Task details:
Your copy starts at the line containing "Ecuador golpea al" and ends at the last line below. Copy exactly, without pictures.

Available data:
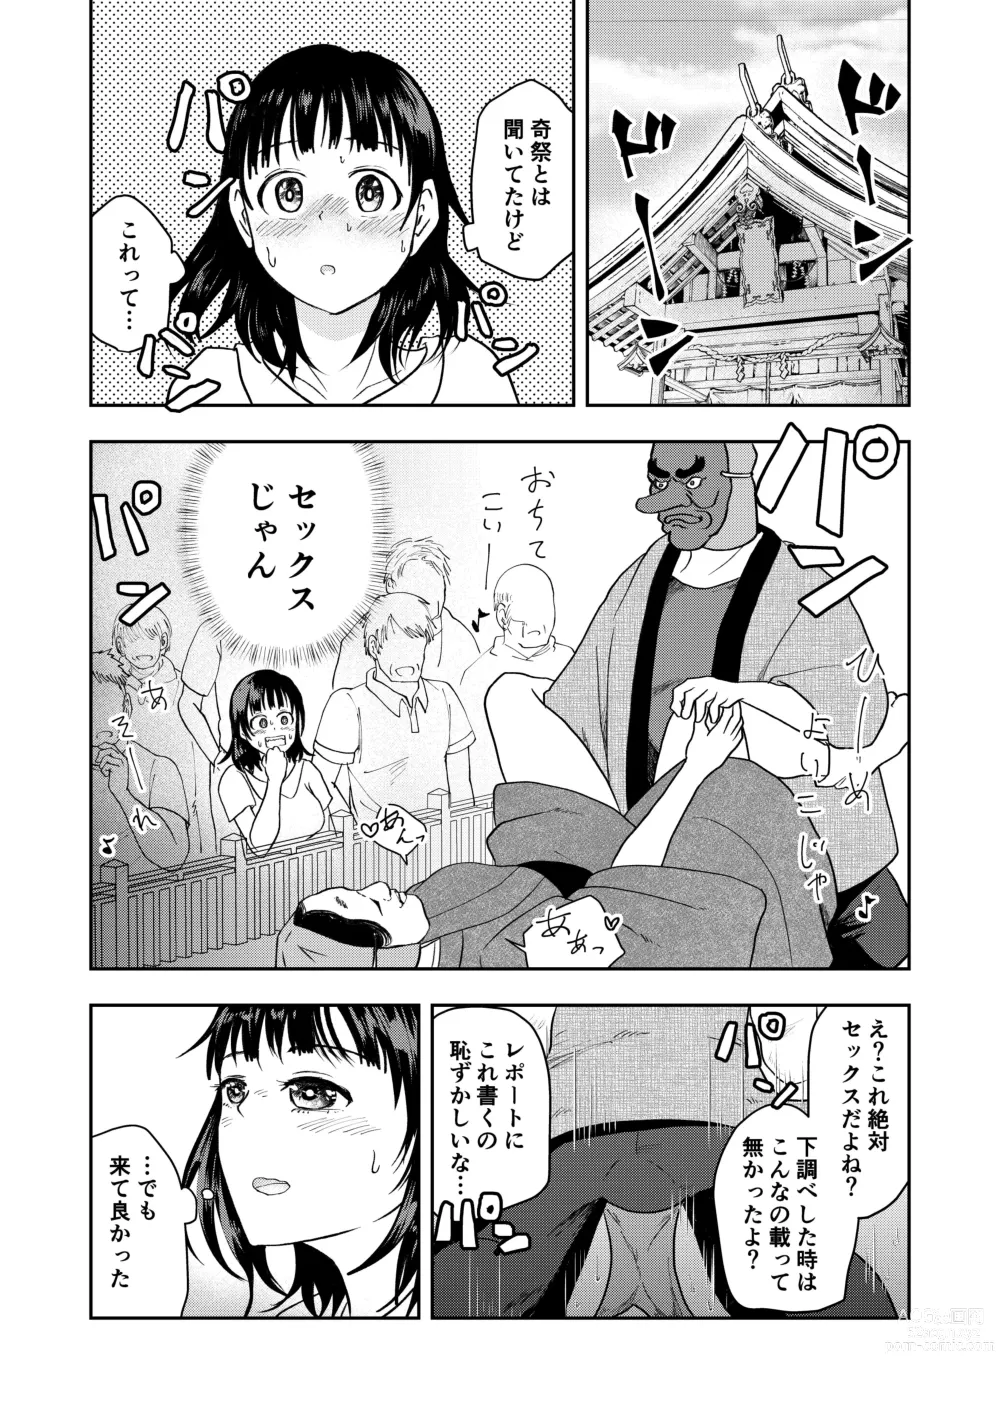 Page 3 of doujinshi Inaka no Omatsuri
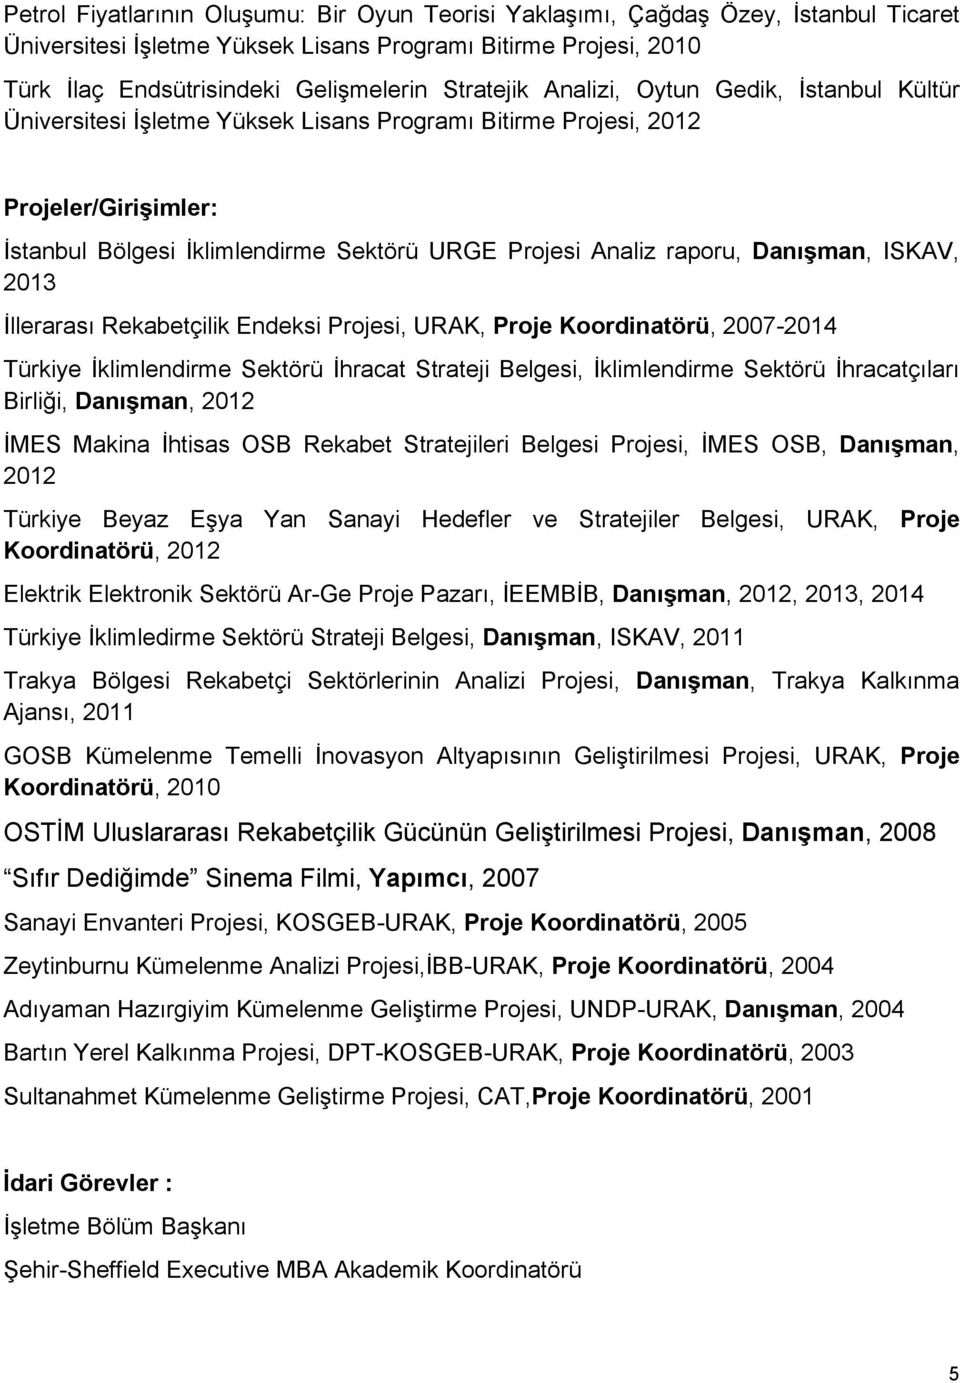 raporu, Danışman, ISKAV, 2013 İllerarası Rekabetçilik Endeksi Projesi, URAK, Proje Koordinatörü, 2007-2014 Türkiye İklimlendirme Sektörü İhracat Strateji Belgesi, İklimlendirme Sektörü İhracatçıları
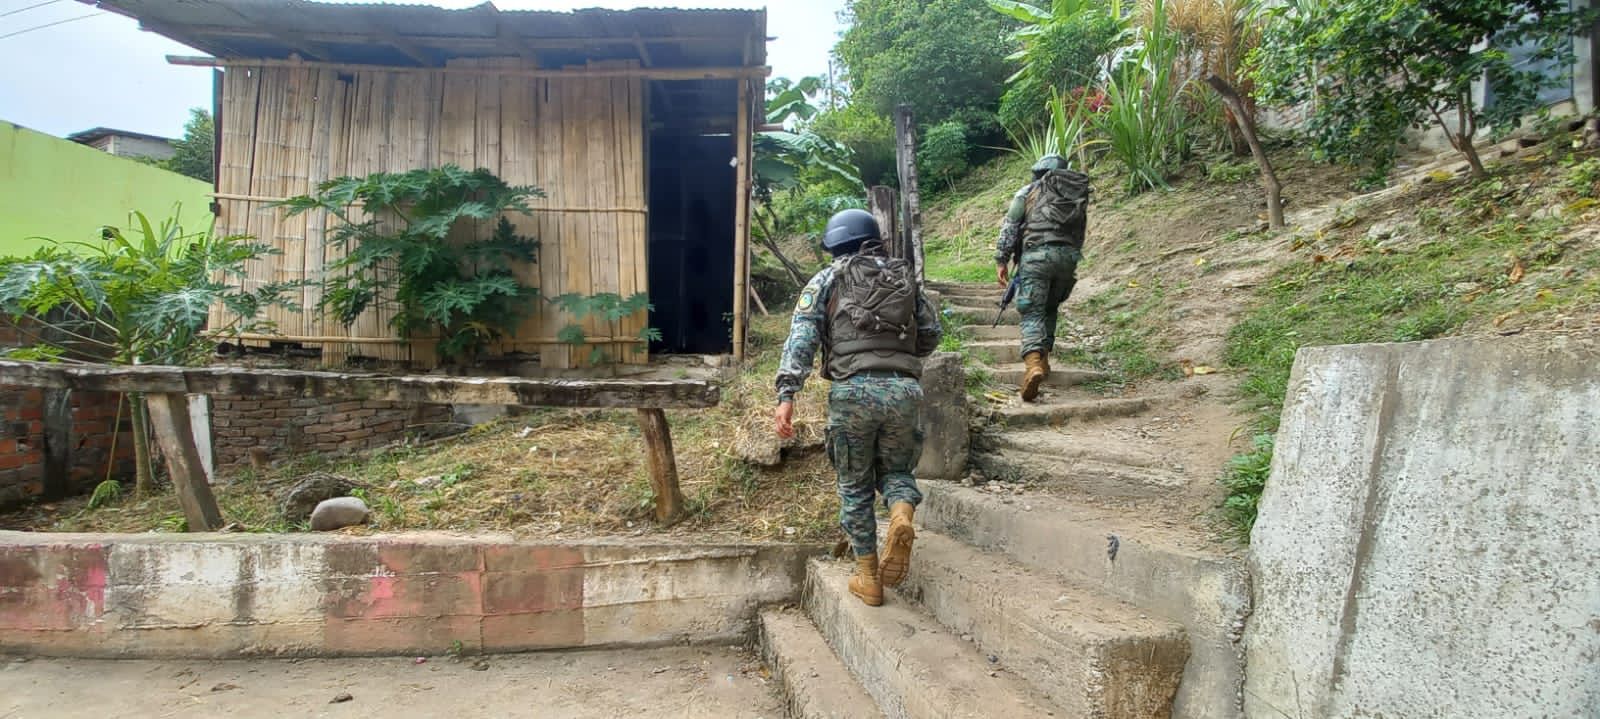 Ecuador golpea al narcotráfico y delincuencia en la frontera con Colombia
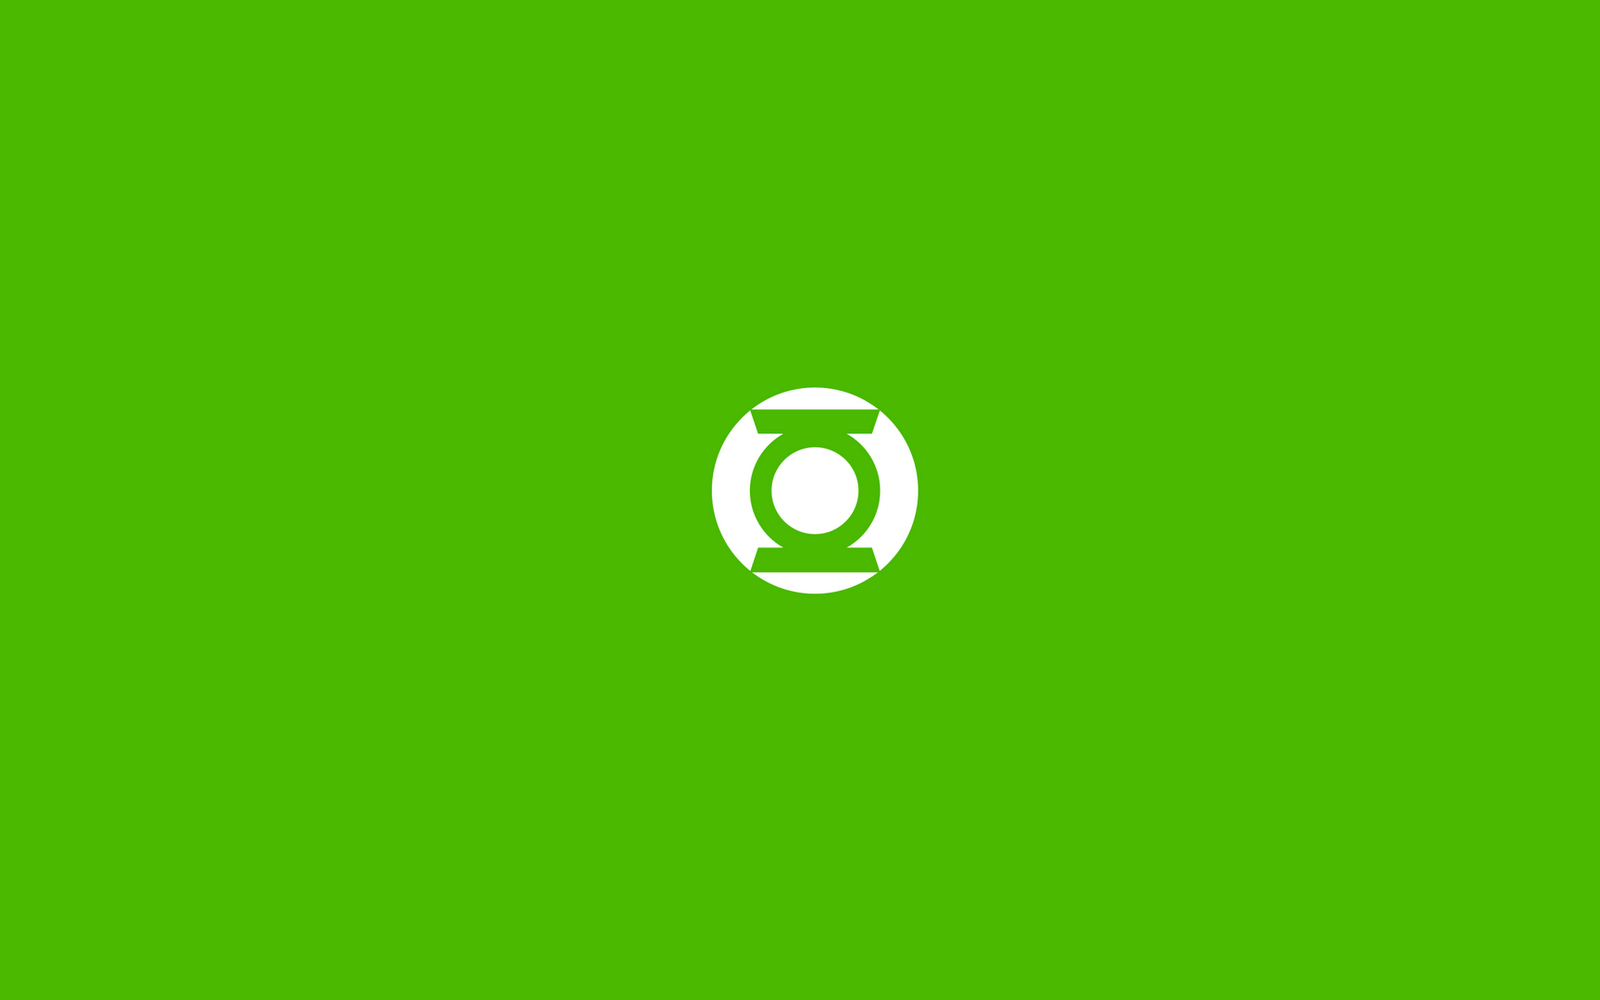 Green Lantern Logo Wallpaper Hd

Answer space:
 Ecuador golpea al narcotráfico y delincuencia en la frontera con Colombia
 Green Lantern Logo Wallpaper Hd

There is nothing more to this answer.